Moore v. Collins

Bell, J.

1. Where an owner of premises procures from a subtenant a writing whereby the subtenant agrees “to rent said premises” from the owner at a stipulated monthly rental from a day named, which exceeds the rent promised by the original tenant, and where thereafter the party in possession executing such agreement remains in possession, - paying the rentals as stipulated in the writing, which rentals the owner accepts, the relation of landlord and tenant exists between the owner and the other party from the date of the execution of the agreement. McConnell v. East Point Land Co., 100 Ga. 129 (28 S. E. 80); Hudson v. Stewart, 110 Ga. 37 (35 S. E. 178); Mendel v. Barrett, 32 Ga. App. 581 (124 S. E. 107); Weed v. Lindsay, 88 Ga. 686 (15 S. E. 836).

2. In a proceeding by the owner of premises to dispossess a tenant under the provisions of the Civil Code (1910), §§ 5385-9, for nonpayment of *702rent when due, where the landlord has not waived a “strict adherence to the tei’ms of the lease contract” (Mahoney v. McKenzie, 27 Ga. App. 245 (2), 107 S. E. 775), it is not essential that the plaintiff should prove a demand for payment of the rent prior to the institution of the proceeding. Hicks v. Beacham, 131 Ga. 89 (62 S. E. 45); Carter v. Sutton, 147 Ga. 496 (3) (94 S. E. 760); Huff v. Markham, 70 Ga. 284 (2); Talley v. Mitchell, 138 Ga. 392 (4) (75 S. E. 465).

Decided April 16, 1927. John W. Sheppard, A. S. Way, for plaintiffs. S. T. Brewton, P. M. Anderson, for defendant.

3. Nor is it necessary to prove a demand for the possession of the premises where it appears that tne demand, if made, would have been refused. The defendant in this case having testified, “If he [the owner] had demanded possession, I wouldn’t have given it up,” it is immaterial whether or not such demand was made. Werner v. Footman, 54 Ga. 128 (2, 5); Ballard v. Daniel, 18 Ga. App. 449 (2) (89 S. E. 603); 36 C. J. 396.

4. Although the defendant went into possession of the premises as a subtenant of the original tenant, he could not, as against the owner, attorn to the original tenant after the execution of the writing above referred to and after the owner had elected to hold him as tenant. New v. Quinn, 31 Ga. App. 102 (119 S. E. 457), and cit.

5. Applying the above rulings to the undisputed evidence, the verdict in favor of the defendant that he should not be evicted was contrary to law, and the plaintiff was entitled to a new trial.
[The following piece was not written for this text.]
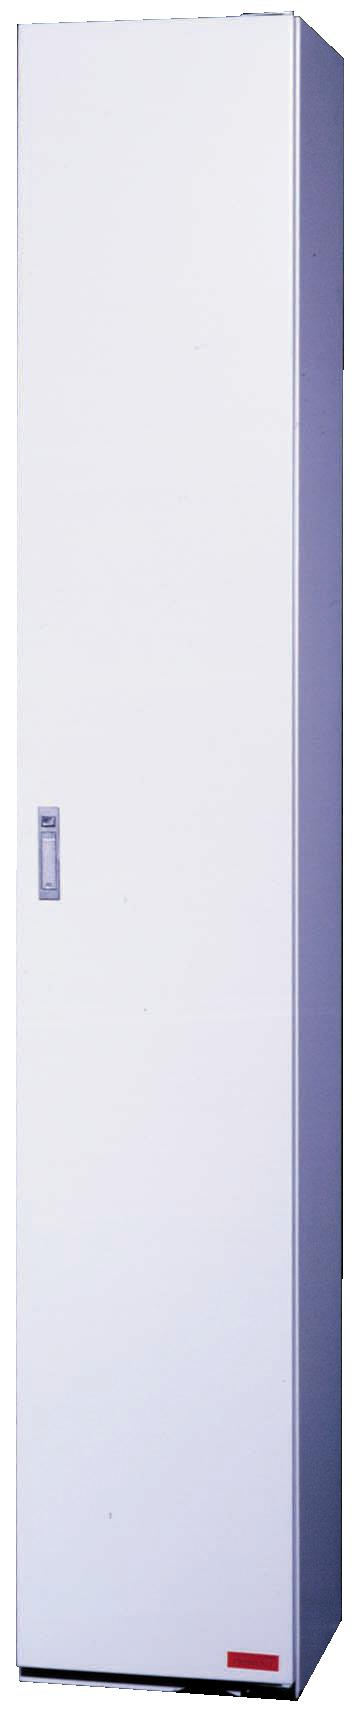 FM-200パッケージ型消火設備 FM-200ユニット Btype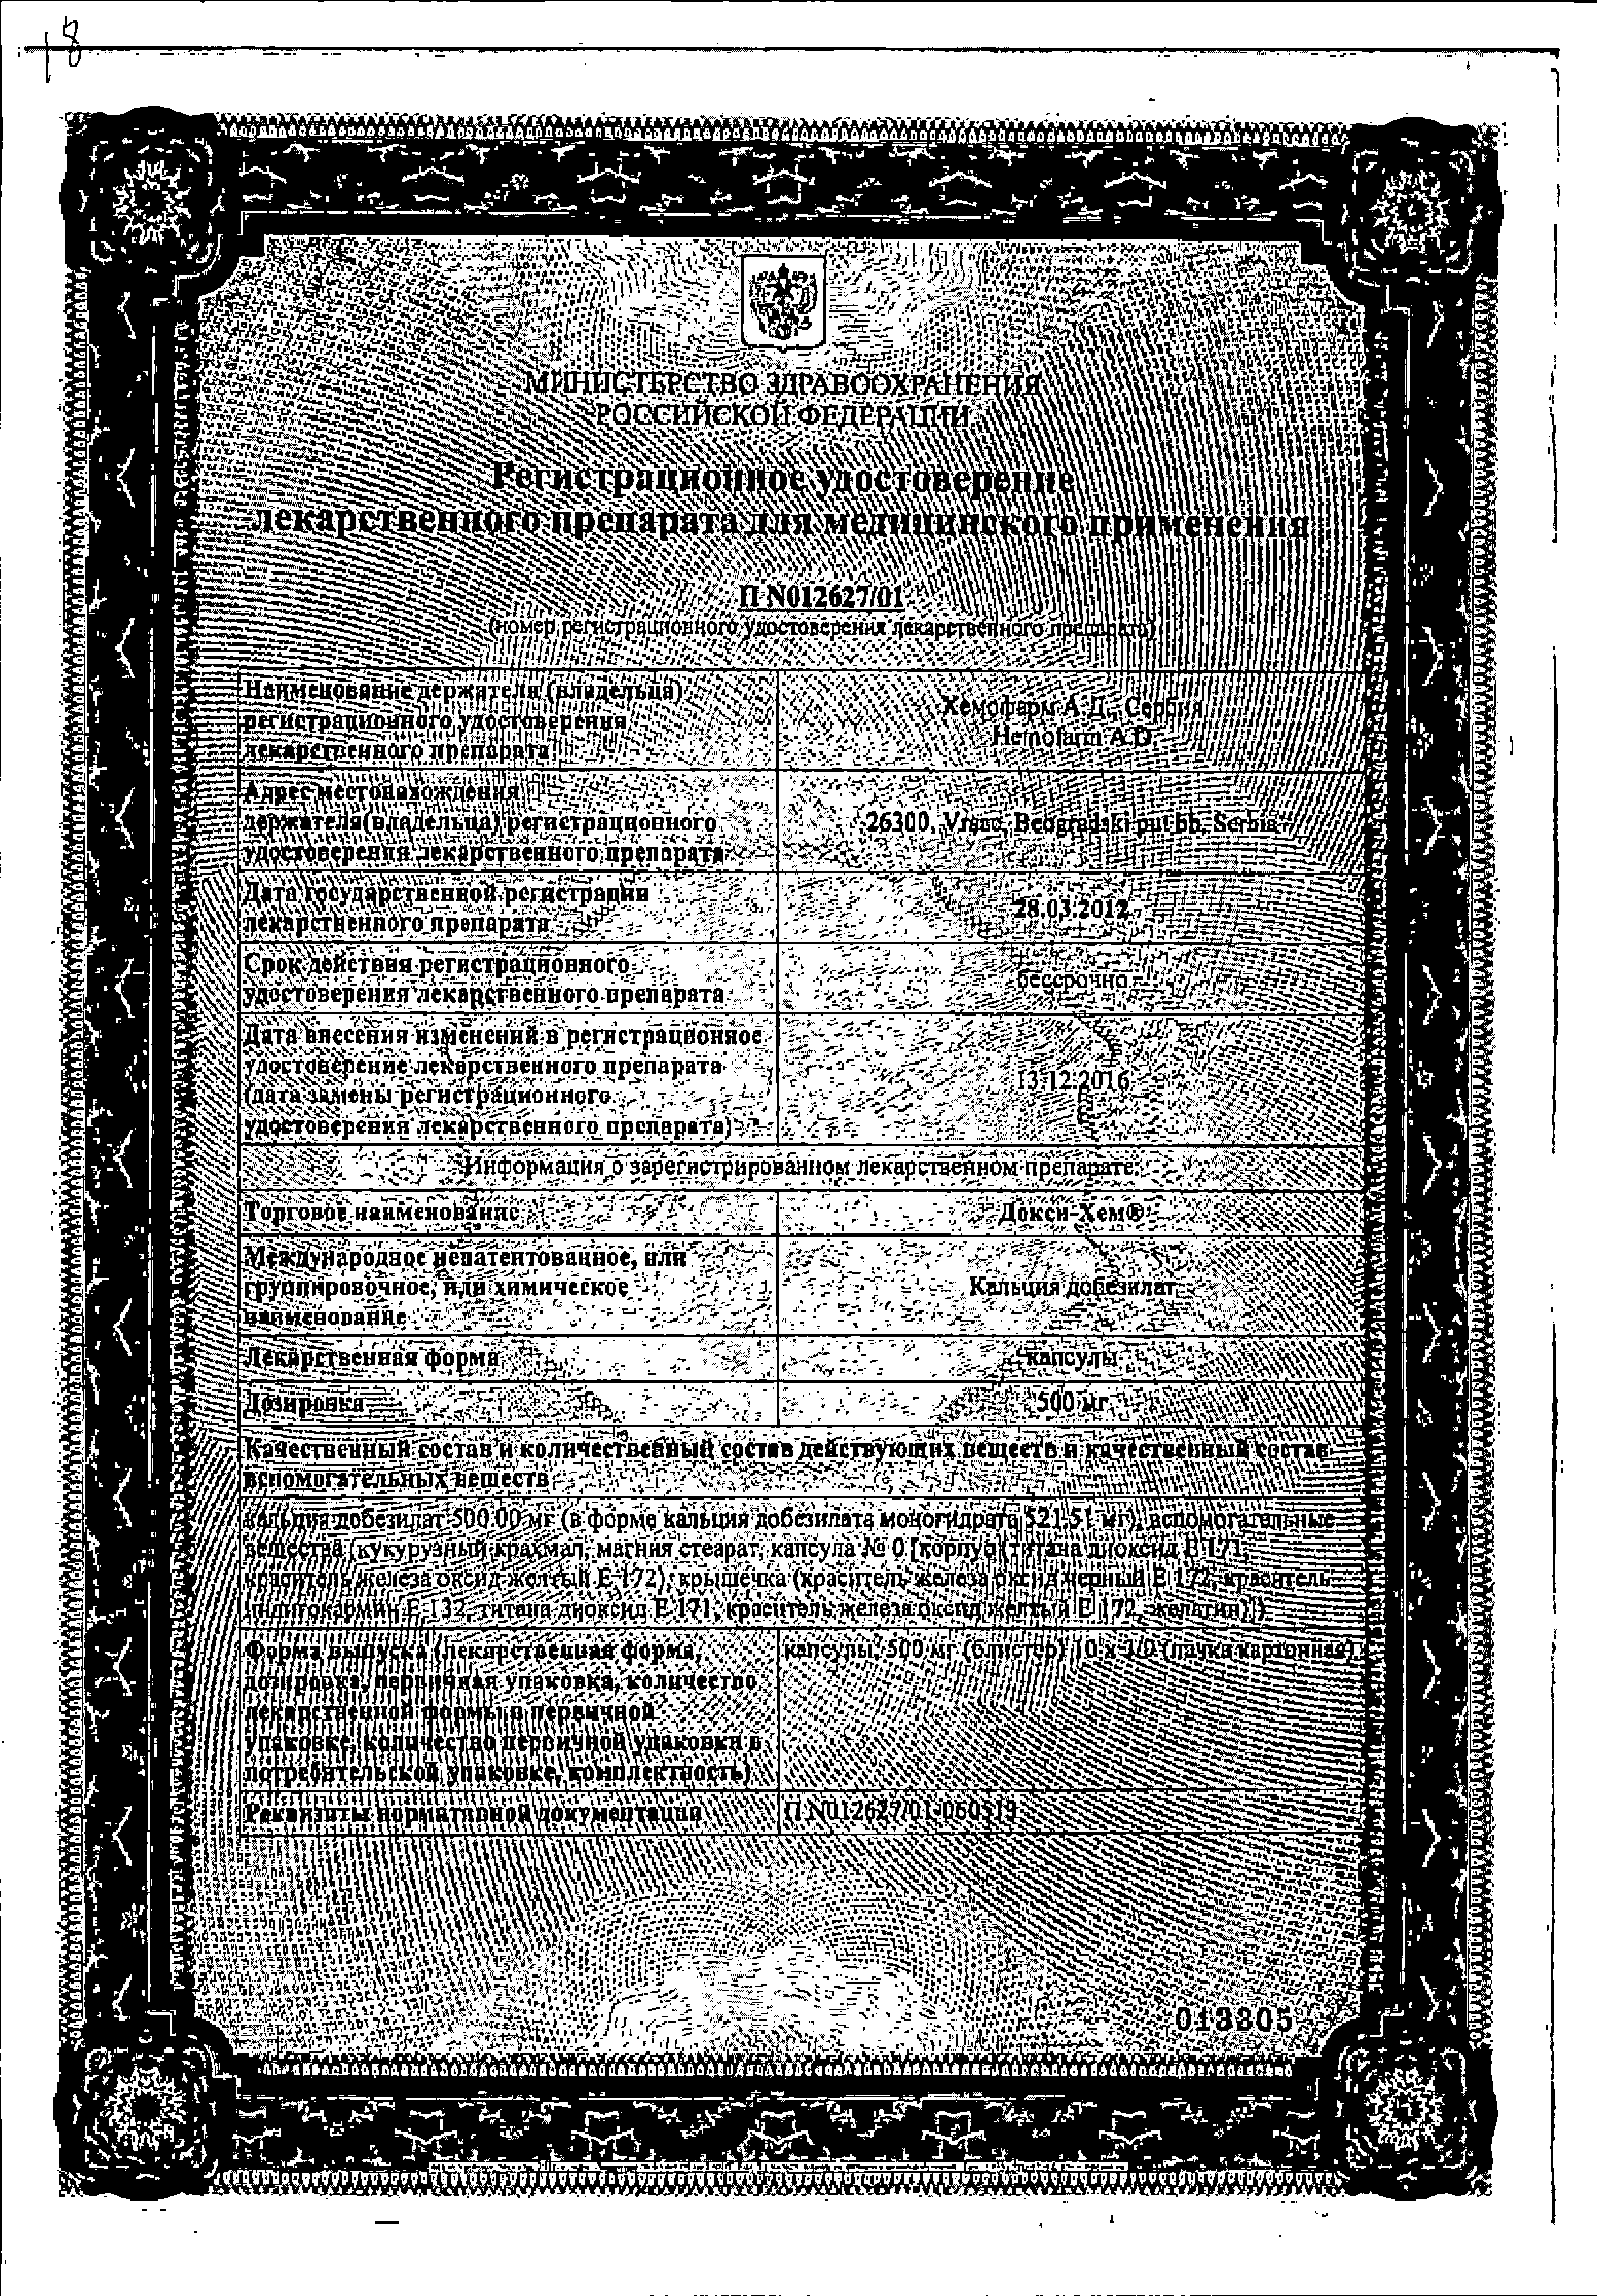 Докси-Хем сертификат

6. In eviction proceedings against a tenant under the Civil Code (1910), §§ 5385-9, where the tenant files a counter-affidavit and bond, he may be charged with double rent, or double the rental value of the property, as the case may be (see Stanley v. Stembridge, 140 Ga. 750 (4, 5), 79 S. E. 842), from the date of the demand for the premises, or, if such date is not shown, from the date of the issuance of the dispossessory warrant, provided the plaintiff is entitled to prevail in such case. Crider v. Hedden, 26 Ga. App. 737 (107 S. E. 345); Hindman v. Raper, 143 Ga. 643 (2) (85 S. E. 843).

(a) Under the facts appearing, the judge erred in so charging the jury as to imply that the plaintiff was seeking to recover double rent for one month only, and apparently to limit the plaintiff’s right to such recovery. However, in view of the ruling in the preceding paragraph, it is not necessary to decide whether such error in the .charge would in itself be ground for a new trial, the jury having found unqualifiedly in favor of the defendant. Howard v. Ga. Ry. & Power Co., 35 Ga. App. 273 (8) (133 S. E. 57).

7. The court erred in refusing the plaintiff’s motion for a new trial.

Judgment reversed.

Jenkins, P. J., and Stephens, J., concur.